In FIG. 17, a transition with a rising edge is instructed by a digital instruction at time 400 and a transition with a falling edge is instructed at time 402. These instructions are provided to the signal generator 404. The signal generator can be a simple logic circuit, such as a D-type flip-flop, with the Q-bar output connected to its data input, or it could be more complex, such as a DAC. However, it can be assumed that the signal generator introduces a delay and has a limited transition speed, so the effective transitions should be placed at new times 410a and 412a. The output from the signal generator goes through a driver 420 which adds additional delay and / or slew rate and bandwidth limitation so the effective transitions should now be placed at times 410b and 412b. The current sensor 3 adds a further delay so that the effective transitions, as measured, are now at times 410c and 412c. By the time the signal has passed through filter 6, the effective transitions at times 410d and 412d have been shifted. By the time digitization has been completed at ADC 7, the effective transitions at times 410e and 412e have been delayed.
The relative magnitudes of any additional delay are purposely not drawn to scale. It should therefore simply be noted that in the current signal path and in the voltage signal path, each input signal that is used for measurement purposes can be subject to the sum of the delays, and that a correction may have to be applied to the voltage and current measurement channels.
As previously noted, the signal generator could be a DAC and therefore the input signal can be given any desired shape and since the shape of the input signal is known, the same shape can be searched for in the output of the ADC 7 to obtain an estimate of the To detect propagation delay. Thus, the DAC could be driven to generate classic waveforms such as square waves, incremental approximations of triangular waves, incremental approximations of sinusoids, and so on.
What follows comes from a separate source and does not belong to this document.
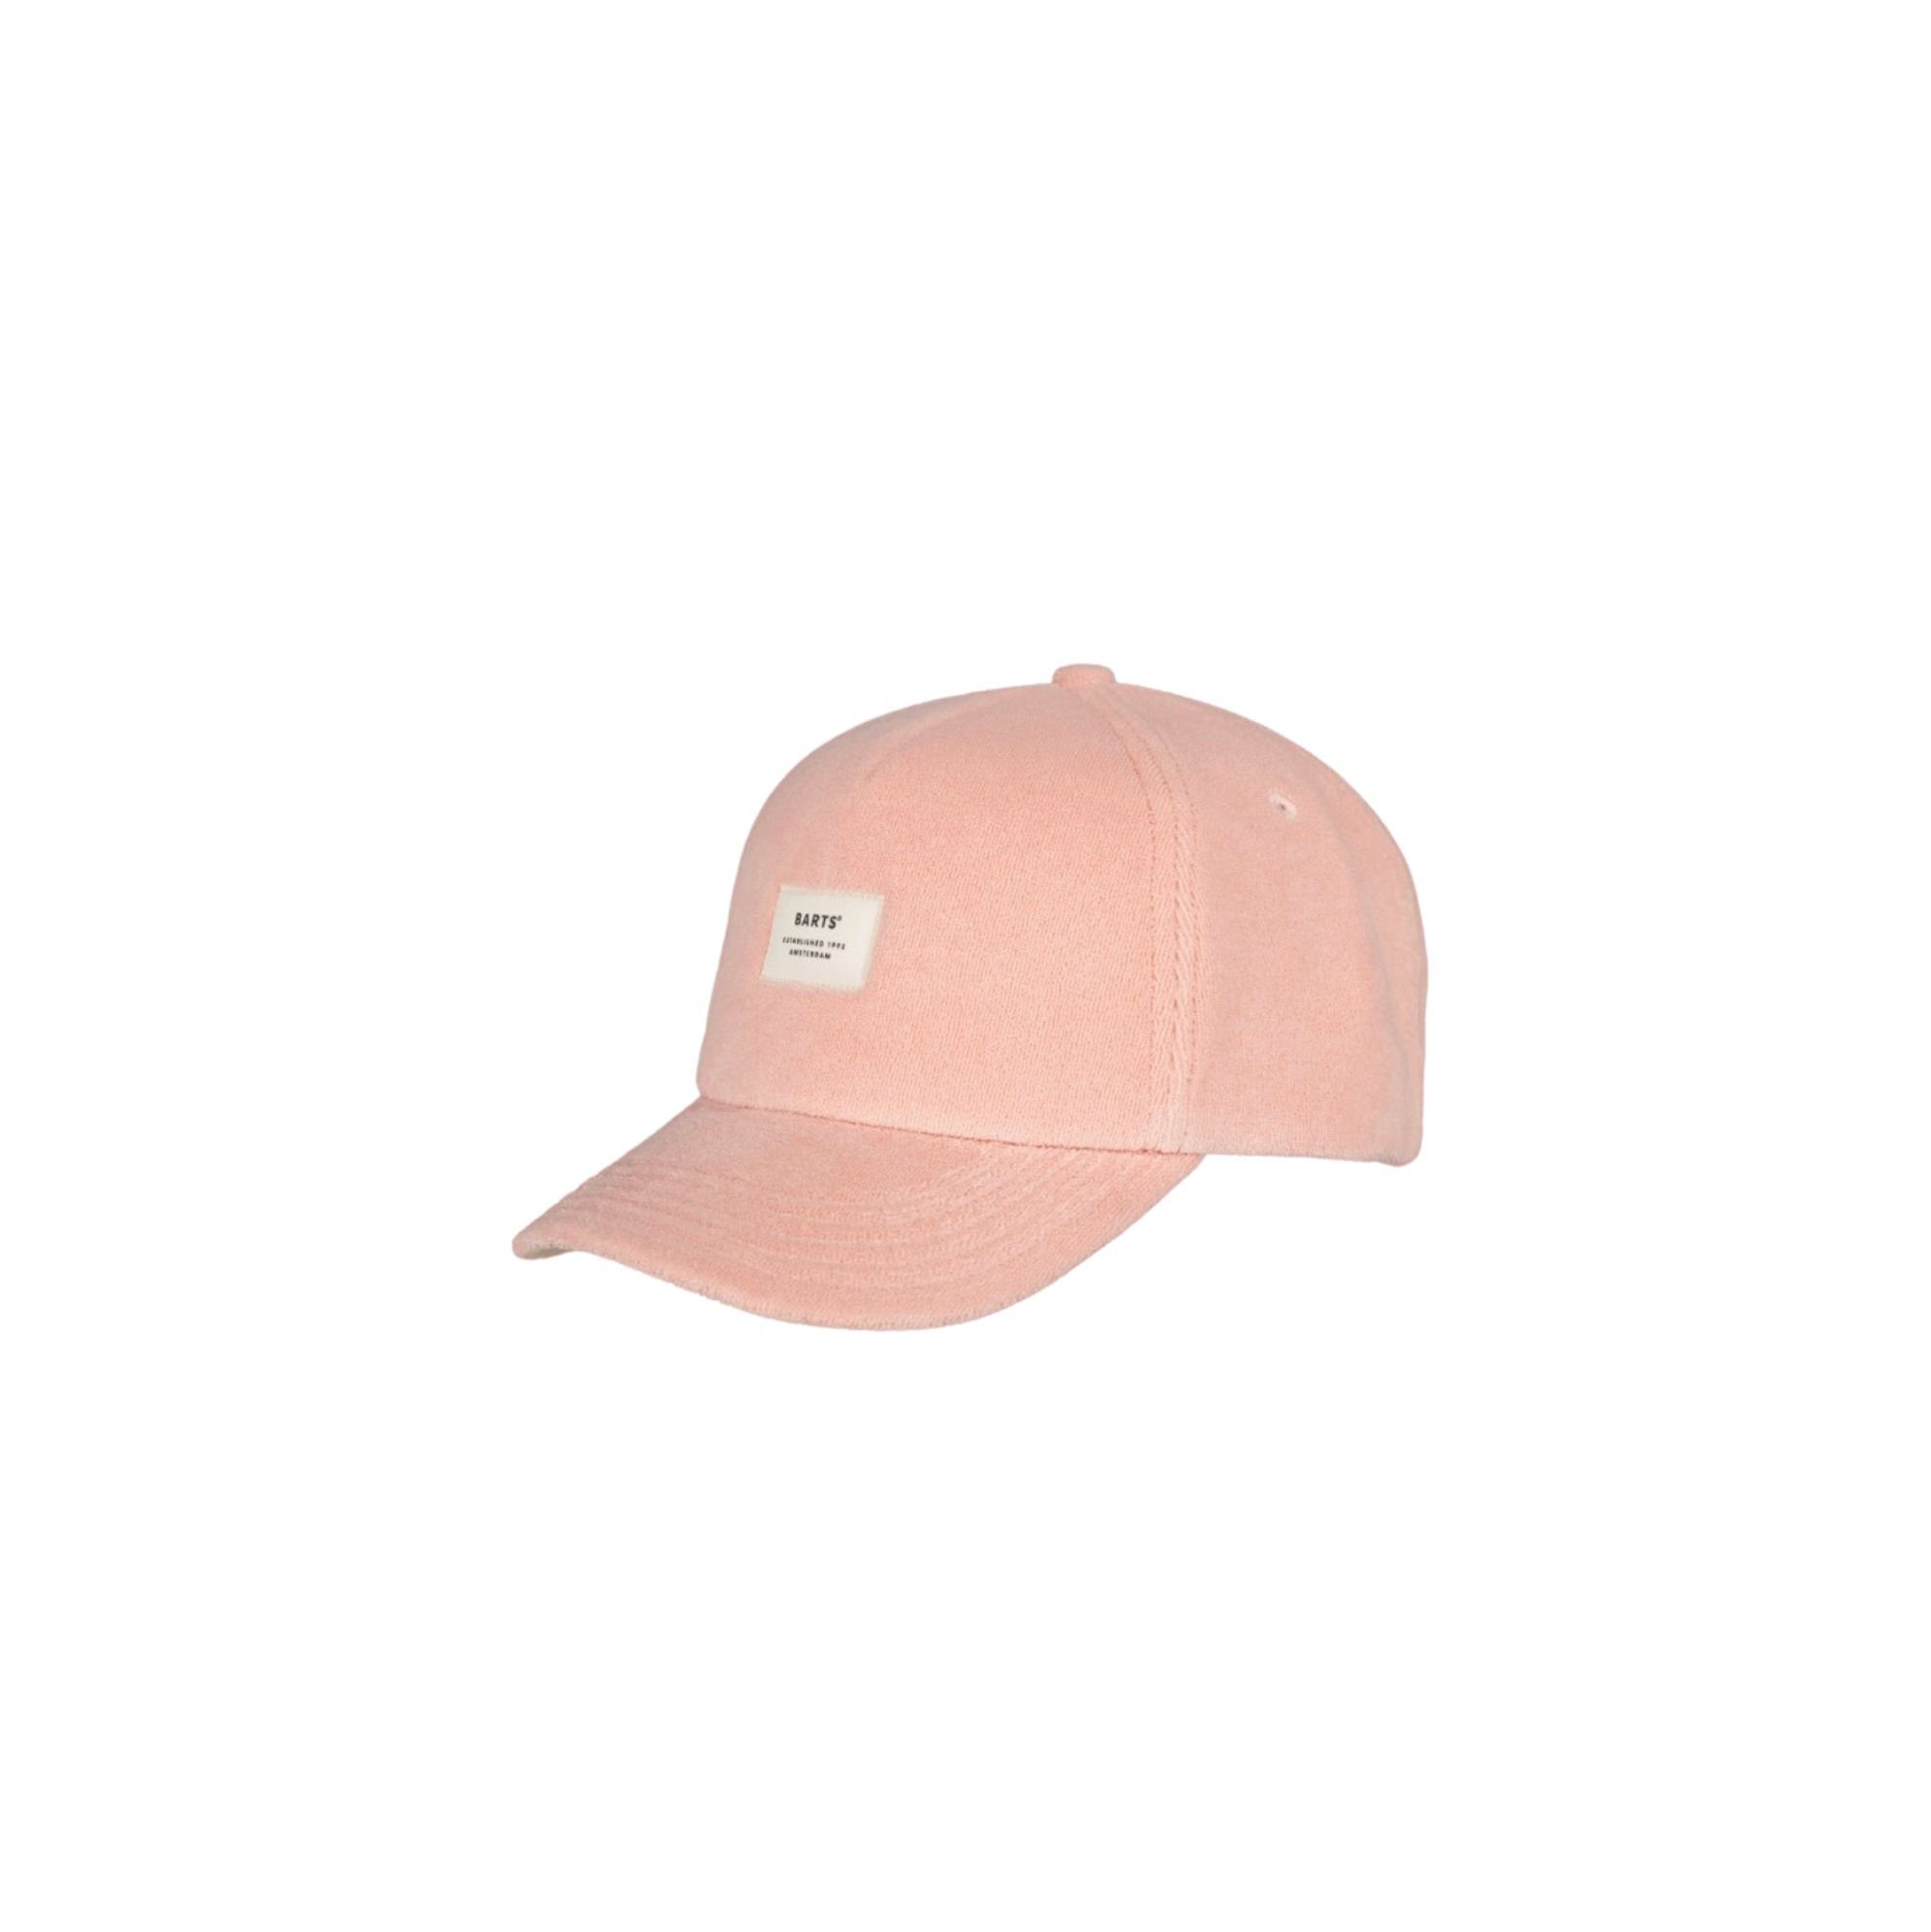 rosa, Mädchen Cap oder Baseball Barts beige in Cap Cap Begonia Größenverstellbar Pink pink Baseball Dusty
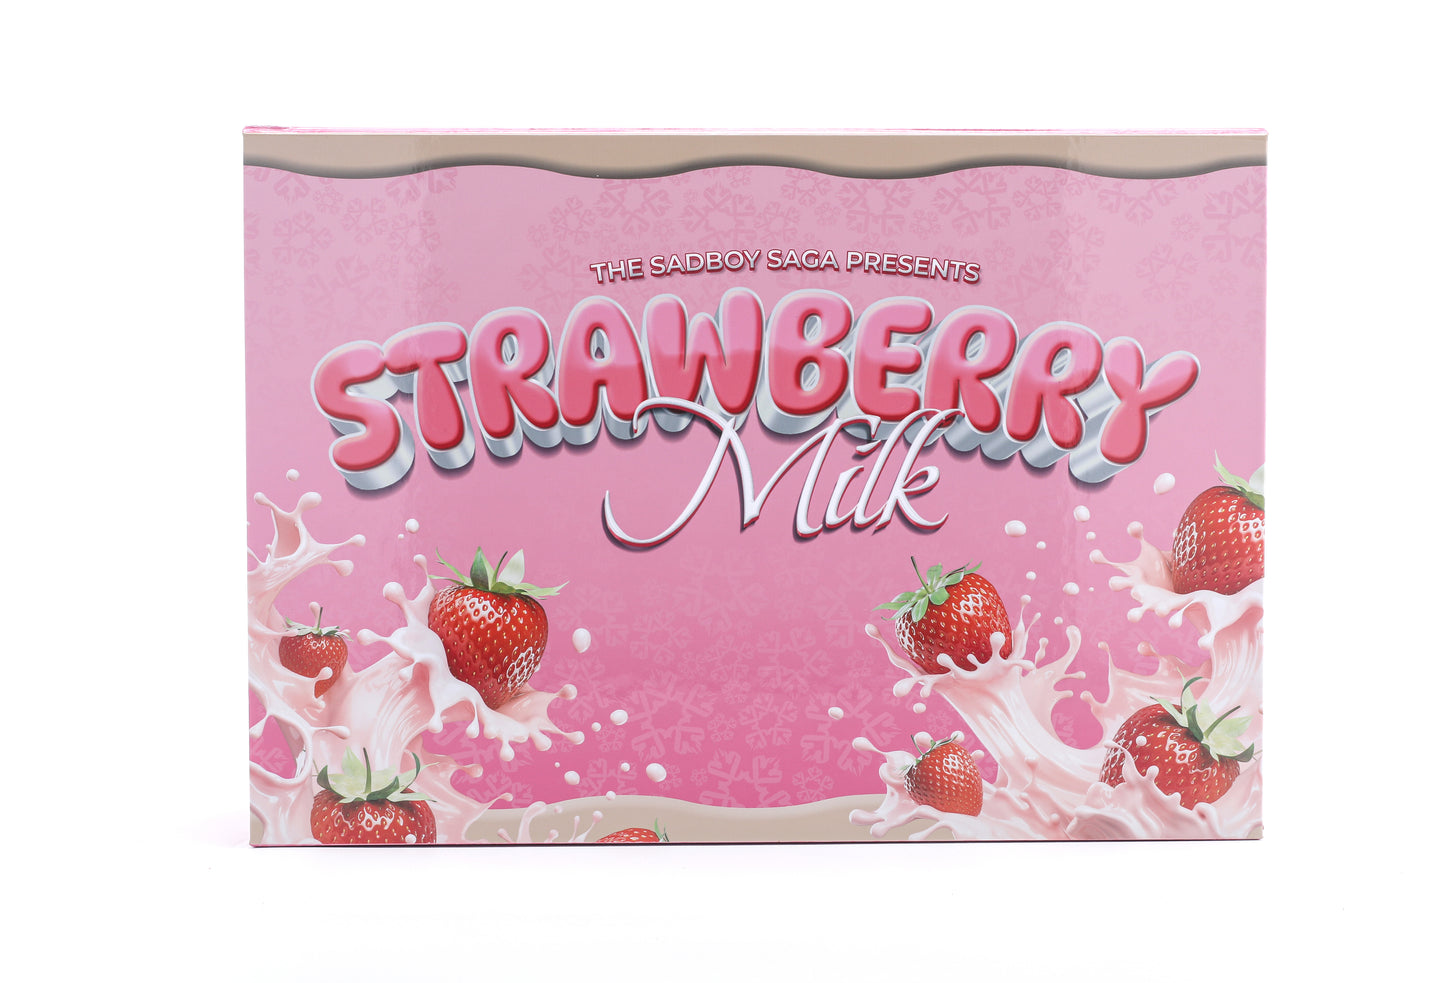 Saga Skywalker “Strawberry Milk”

In an alternative approach, the DAC could also generate random or pseudo-random test sequences which would look like noise but which could still be recovered from the output of the ADC 7 to allow delay to be estimated. Autocorrelation techniques can be used to accomplish this because they are computationally robust and reasonably easy to perform. This would characterize the time delay through the system, which could then be converted to a phase delay for a given frequency.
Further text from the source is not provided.